Присутствие кошки действовало на него очень странно. Прежде всего, появлялось какое-то отвращение. Мысль о том, что глаза животного устремлены на него, мысль о том, чтобы прислушаться к беззвучным шагам, ощутить воображаемое прикосновение гладкой шерсти, — все это заставляло его вздрогнуть и отпрянуть. Но это чувство быстро уступало место еще более странному очарованию. Его тянуло к существу, которого он боялся, — так же, как птицу, хотя и ошибочно, зачаровывает змея. Ему хотелось погладить животное и почувствовать, как его голова трется о него, и в то же время мысль о том, что оно это делает, наполняла его мимолетным ужасом. Это было что-то вроде того болезненного состояния, в котором человек находит настоящее физическое удовольствие в причинении себе боли. А потом, существовал явный нескрываемый страх. Как бы Сидни ни притворялся, он испытывал смертельный страх, когда в комнате появлялась кошка. Он снова и снова пытался преодолеть его, но безуспешно. Он говорил себе о хорошо известном дружелюбии домашней кошки, из-за ее пресловутой робости; о ее фактической неспособности причинить какой-либо серьезный вред сильному и энергичному человеку. Но все это не имело никакого результата. Он боялся кошек, и отрицать это было бесполезно.

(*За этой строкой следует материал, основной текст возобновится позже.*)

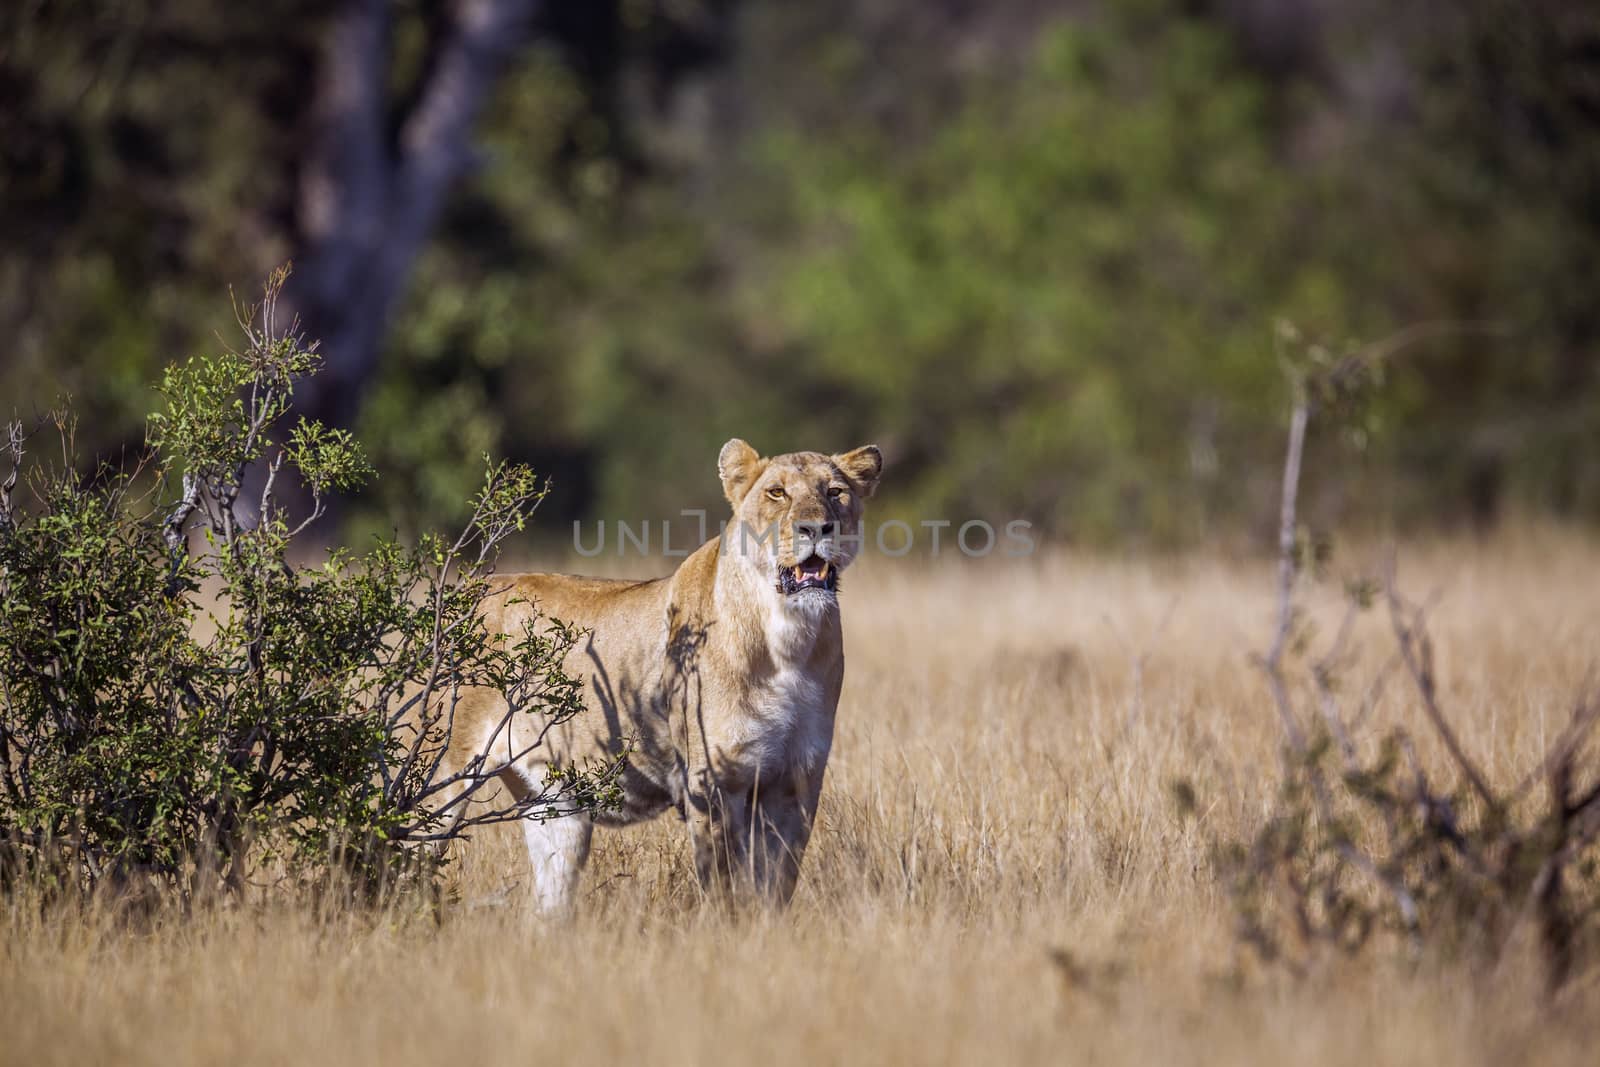 African lioness on hunting mode in savannah in Kruger National park, South Africa ; Specie Panthera leo family of Felidae

В то же время, Сидни не был врагом кошек. Он был последним человеком в мире, который причинил бы кому-то боль. Как бы ни тревожил его сон в предрассветные часы голос больного любовью разбойника на крыше, ему и в голову не приходило метнуть в обидчика какой-нибудь снаряд. Вид полуголодного кота, оставленного в приюте, когда его хозяин уезжал, наполнял его жалостью, почти похожей на боль. Он был щедрым подписчиком приюта для потерявшихся кошек. На самом деле, все его отношение было непоследовательным и противоречивым. Но от правды никуда не деться: он не любил и боялся кошек.

Вероятно, эта навязчивая идея в какой-то мере была вызвана тем, что Сидни был человеком праздным. Если бы его мысли занимали какие-либо неотложные дела, он мог бы перерасти эти фантазии с наступлением среднего возраста. Но обладание достаточными средствами, унаследованная нелюбовь ко всякой работе, требующей энергии, и два-три интересных увлечения, которые легко и спокойно наполняли его время, давали ему свободу потакать своим фантазиям. А фантазии, если им потакать, в конце концов, становятся хозяевами, и Сидни это доказал.

Он был занят написанием книги о каком-то периоде древней египетской жизни, что включало в себя серьезное изучение коллекций в Британском музее и в других местах, а также поиск редких книг в антикварных книжных магазинах. В свободное от этих занятий время он жил в древнем доме, который, как и большинство старых мест подобного рода, являлся предметом различных странных историй сплетничавших соседей. Предполагалось, что там произошла какая-то трагедия в какой-то неопределенный день, и, следовательно, что-то должно было преследовать это место и время от времени как-то себя проявлять. Среди местных сплетников этот туманный термин «что-то» имел большое значение, поскольку он охватывал множество неточных воспоминаний и туманных преданий. Вероятно, Сидни никогда не слышал о репутации дома, потому что вел уединенный образ жизни и мало общался с соседями. Но если слухи и дошли до его ушей, он не подавал виду. Если не считать кошачьей одержимости, он был человеком в высшей степени уравновешенного ума. Он был едва ли не последним человеком, который мог что-то вообразить или поддаться влиянию чего-либо, кроме доказанных фактов.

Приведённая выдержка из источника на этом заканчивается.